Recomm. for undergrads: no

Posted	by:	porton
	on:	October 12th, 2015

Solved by:

Porton, Victor

Let $\mathfrak{A}$ and $\mathfrak{B}$ be (fixed) boolean lattices (with lattice operations denoted $\sqcup$ and $\sqcap$ , bottom element $\bot$ and top element $\top$ ).

I call a boolean funcoid a pair $(\alpha;\beta)$ of functions $\alpha:\mathfrak{A}\rightarrow\mathfrak{B}$ , $\beta:\mathfrak{B}\rightarrow\mathfrak{A}$ such that (for every $X\in\mathfrak{A}$ , $Y\in\mathfrak{B}$ ) $Y\sqcap^{\mathfrak{B}}\alpha(X)\ne\bot^{\mathfrak{B}} \Leftrightarrow X\sqcap^{\mathfrak{A}}\beta(Y)\ne\bot^{\mathfrak{A}}.$

(Boolean funcoids are a special case of pointfree funcoids as defined in my free ebook.)

Order boolean funcoids by the formula $(\alpha_0;\beta_0)\le (\alpha_1;\beta_1) \Leftrightarrow \forall X\in\mathfrak{A}: \alpha_0(X)\le\alpha_1(X) \land \forall Y\in\mathfrak{B}: \beta_0(Y)\le\beta_1(Y).$

Conjecture The set of boolean funcoids with above defined order is itself a boolean lattice.

If this conjecture does not hold in general, does it hold for: a. atomic boolean lattices? b. atomistic boolean lattices? c. complete boolean lattices?

For the special case when $\mathfrak{A}$ and $\mathfrak{B}$ are complete atomic boolean lattices, the conjecture easily follows from this math.SE answer.

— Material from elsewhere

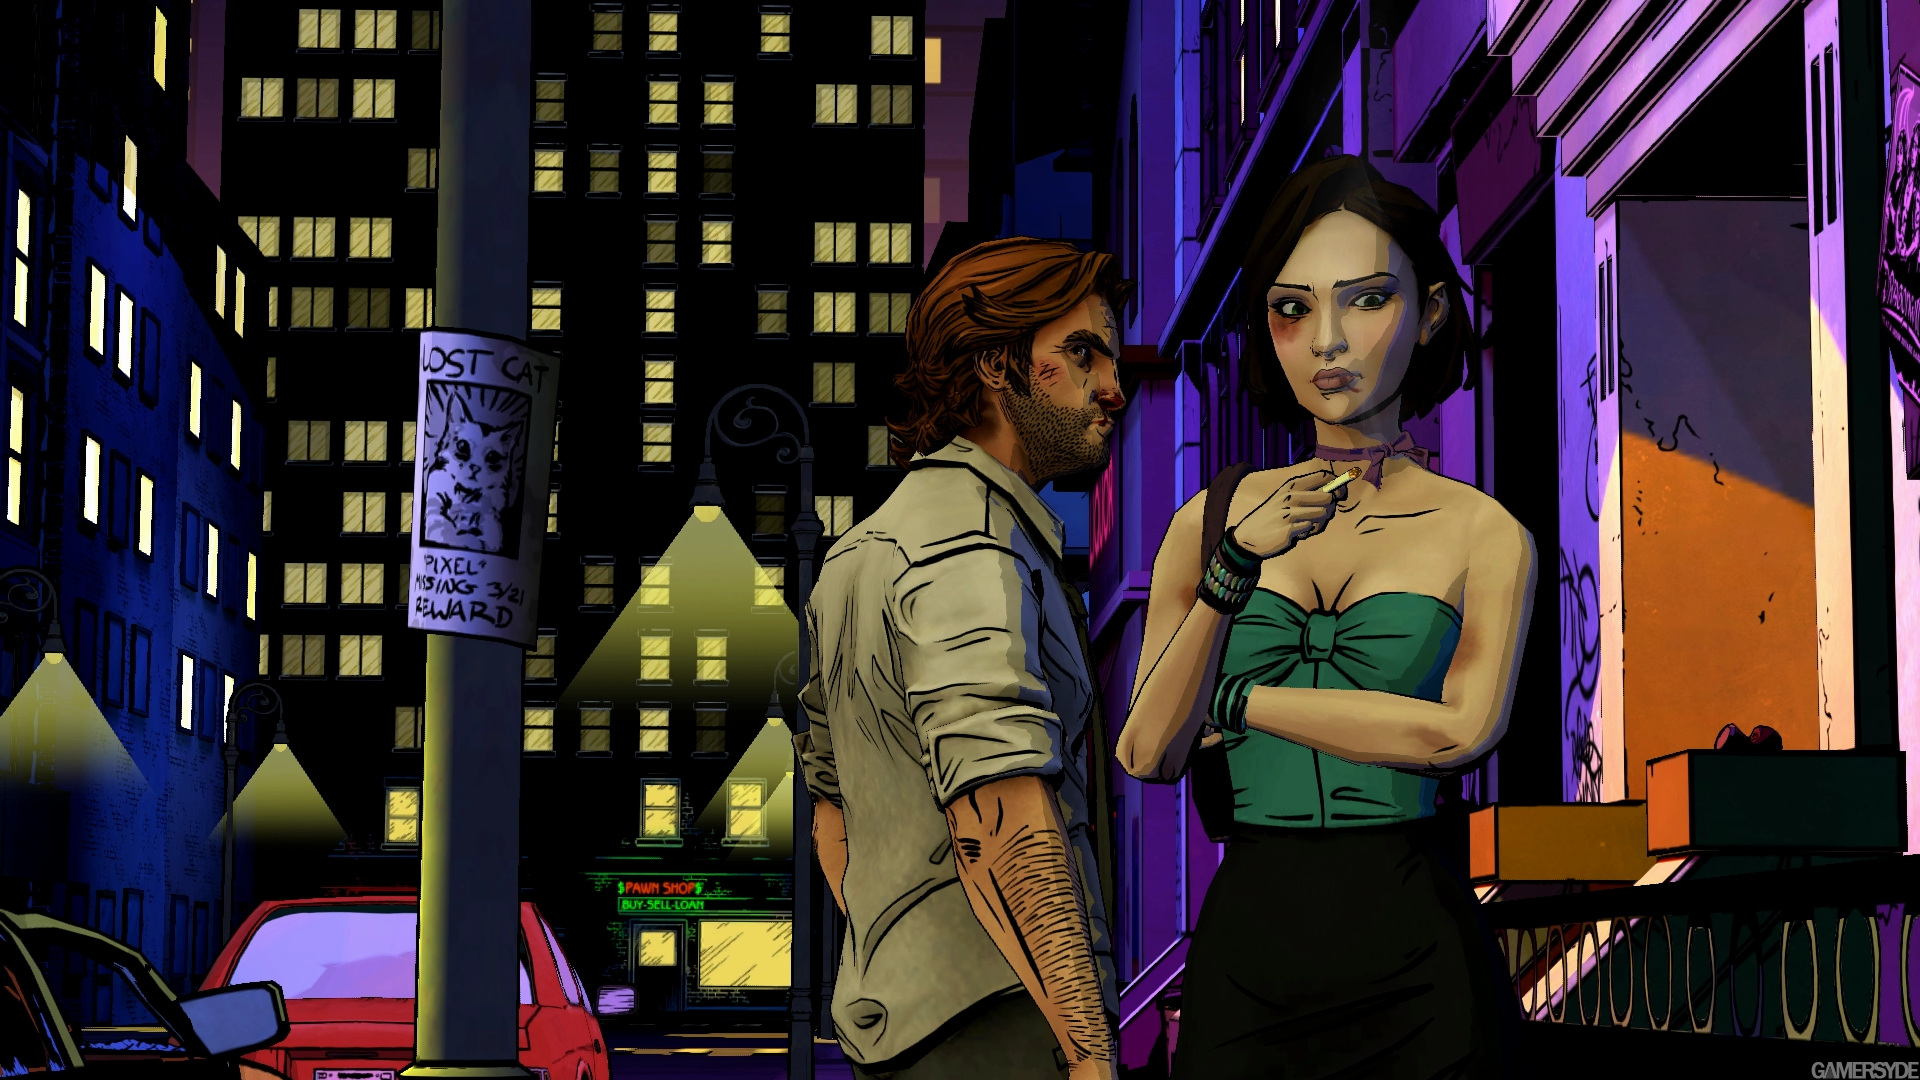 Image The Wolf Among Us 23455 2690 - Wolf Among Us Art Style , HD Wallpaper & Backgrounds

See Algebraic General Topology for definitions of used concepts.

It is mostly solved:

Theorem Pointfree funcoids between a complete boolean lattice and an atomistic boolean lattice always form a boolean lattice.

Theorem Pointfree funcoids between a non-atomic boolean lattice and itself always do not form a boolean lattice.

It is not a complete answer, but the most important cases are considered. So I mark this question as solved. Further consideration however is welcome.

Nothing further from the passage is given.